Dagnabit Jul 31, 2006, 04:47 PM The AI won't come after you unless he has an extra archer floating around, and usually he doesn't. The AI will attack your stealing unit, though, and if the AI loses the battle, they will usually agree to peace unconditionally after 10-12 turns. If the AI wins the battle, they will want some compensation for peace (like a city or a tech), and that demand can last a long time, or until they lose at least an archer in a subsequent battle. From this and the follow-on post from bshumbera I think you are saying to take at least 2 warriors when you are attempting to steal a worker- one to escort back and one to confront any enmy reaction.
Redbad Jul 31, 2006, 05:09 PM No, just the one warrior is enough. Escorting the worker back is a good idea. And remember the Incan warrior doesn't need to fear archers as long as he's healthy and walking the forests.

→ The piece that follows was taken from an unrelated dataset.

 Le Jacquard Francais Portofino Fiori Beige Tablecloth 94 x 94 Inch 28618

Mad Professor Jul 31, 2006, 05:19 PM I've played a part of a game in practice. Having never dared to touch Emperor before, my eyes were opened to a couple of pecularities of emperor level, like the change up in gears of the barbarians - the instant someone has copper, axemen appear, and as soon as someone discovers ironworking, swordsmen appear. Ouch.
Anyhow, more particular to this game, the quechua rush seemed to work nicely. I found Rome about 15 tiles from my capital, and after having produced 5 quechua as the first builds in my capital, I captured Rome OK, then went on to burn down an English city, and keep London after capturing it. I left Elizabeth with one city and accepted peace.

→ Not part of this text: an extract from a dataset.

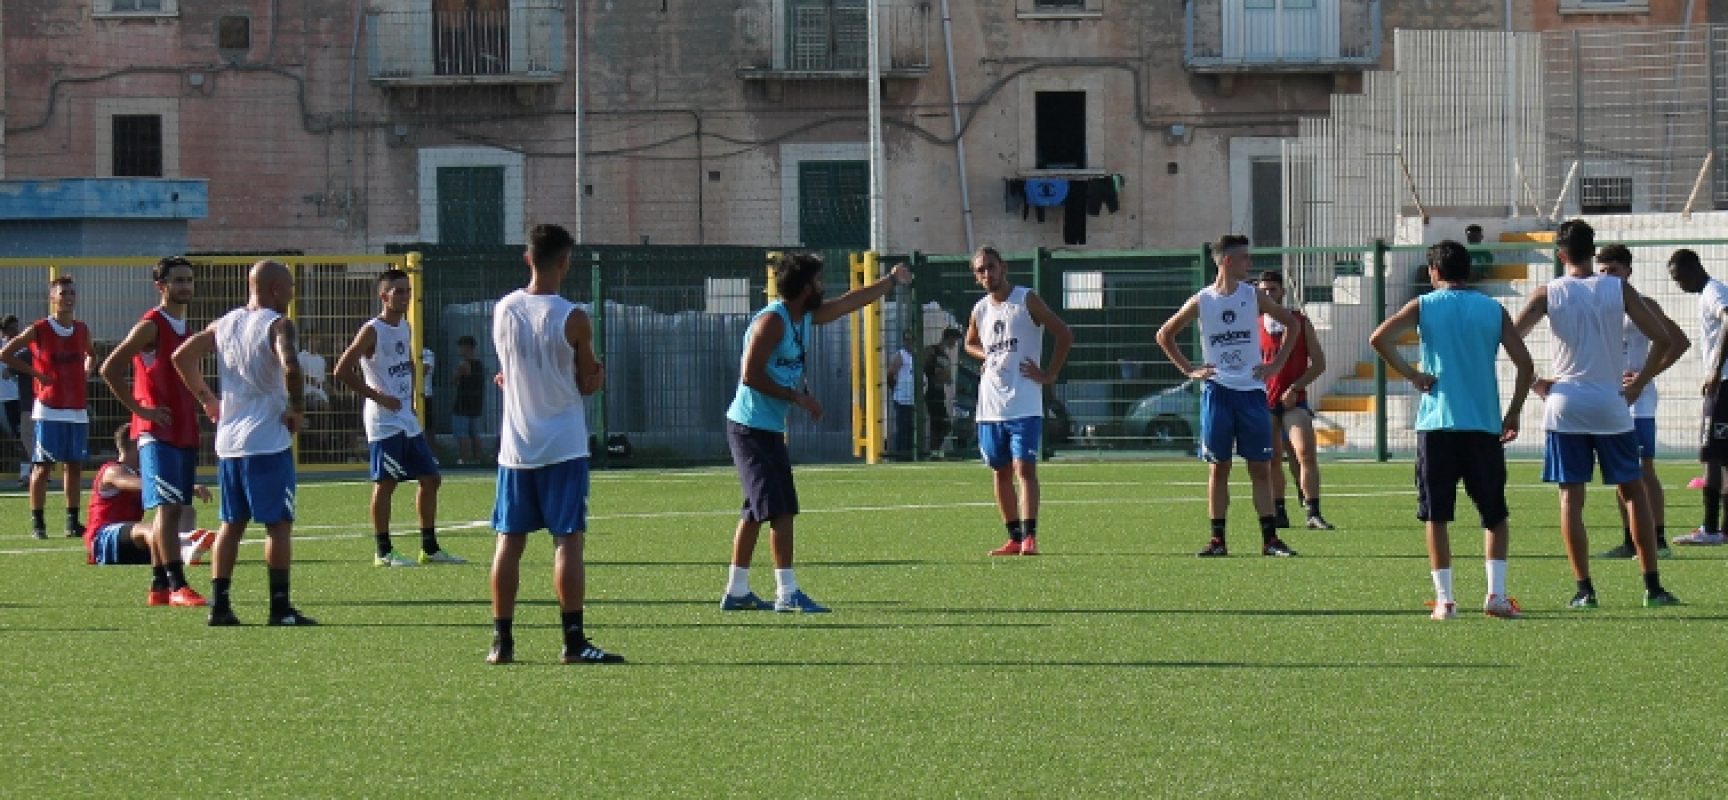 Unione Calcio, inaugurata la nuova stagione con il raduno al “Di Liddo” / FOTO

As it turns out, me, Caesar and Ellizabeth were the only occupants of the continent, and wiping out one of them, and seriously crippling the other worked fine for a while. It hurt my economy running Rome and London at such a distance, but with careful management it wasn't too bad. What was baad was the resulting hoardes of barbarians. With minimal expansion from the surviving civilisations (including me since I couldn't afford more expansion) barbarians just came from everywhere. I had been warned my this thread and produced military, putting out axemen as soon as I could, and horse archers as soon as I oculd produce them.
I spotted my first barbarian archer in 2590BC and from about 1200BC onwards, they just came in waves. I had fog busters out, but because there was very little expansion, all that meant was that I encourntered barbarians further from my own cities. The good side of that was that my economny didn't suffer from plundering barbarians because I killed them before the arrived in my area, but I surely didn't meet less of them. There were swarms of them, and it was all I could do to keep producing the military to fend them off. The instant I discovered iron working, barbarian swordsmen started appearing as well as axemen.

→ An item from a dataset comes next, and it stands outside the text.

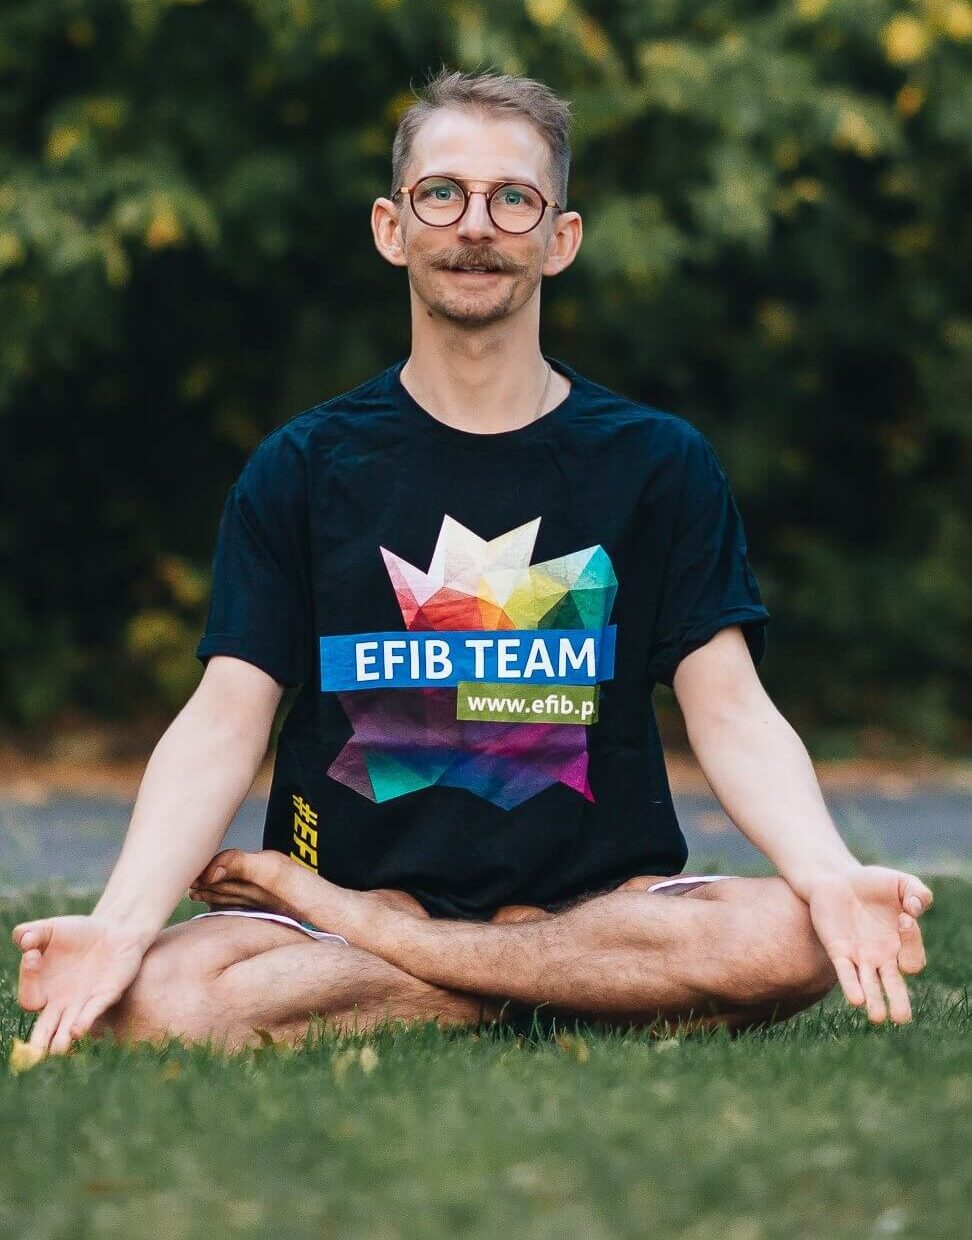 Trener w koszulce z logo efib, nauczyciel jogi w asanie siedzi na łące.

I'd like to ask opinions on this - when you have continents, and you wipe out one or two neighbours, the result is a LOT more space for barbarians to grow in. In this game I played, I couldn't trade techs because I was ahead of the only other civ on my continent, and barbarians don't trade!! :( The early quecua rush was good, and worked, but I wonder if I paid heavily for it, in barbariens thereafter. Would I have been better off leaving Caesar and Elizabeth healthy and hopefully happy with me?
Conquistador 63 Jul 31, 2006, 07:05 PM I've done quite a few test games to try out different approaches, but I'm pretty sure the total time I'll have spent is still small compared to how long I'll spend playing the (complete) GOTM.
I can just hope (and pray) the same will happen to me - that will mean I'll have survived to the barbarian hordes in the BC's :lol:
pnp_dredd Jul 31, 2006, 10:33 PM I'm very hesitant to attempt a CS slingshot on Emperor. You have to focus purely on getting COL oand Oracle, and if you fail then you'll be stuffed.
Even if you succeed then there's a good chance that you'll be overrun by Barbarians.
I'm going for early barracks and a Quecha rush. Depending on the distance to the nearest capital, I might pump out 4-5 Quechas and attempt to take it. If it's too far, then I'll just steal a worker and pillage for a while before setting the Quechas up as fog busters.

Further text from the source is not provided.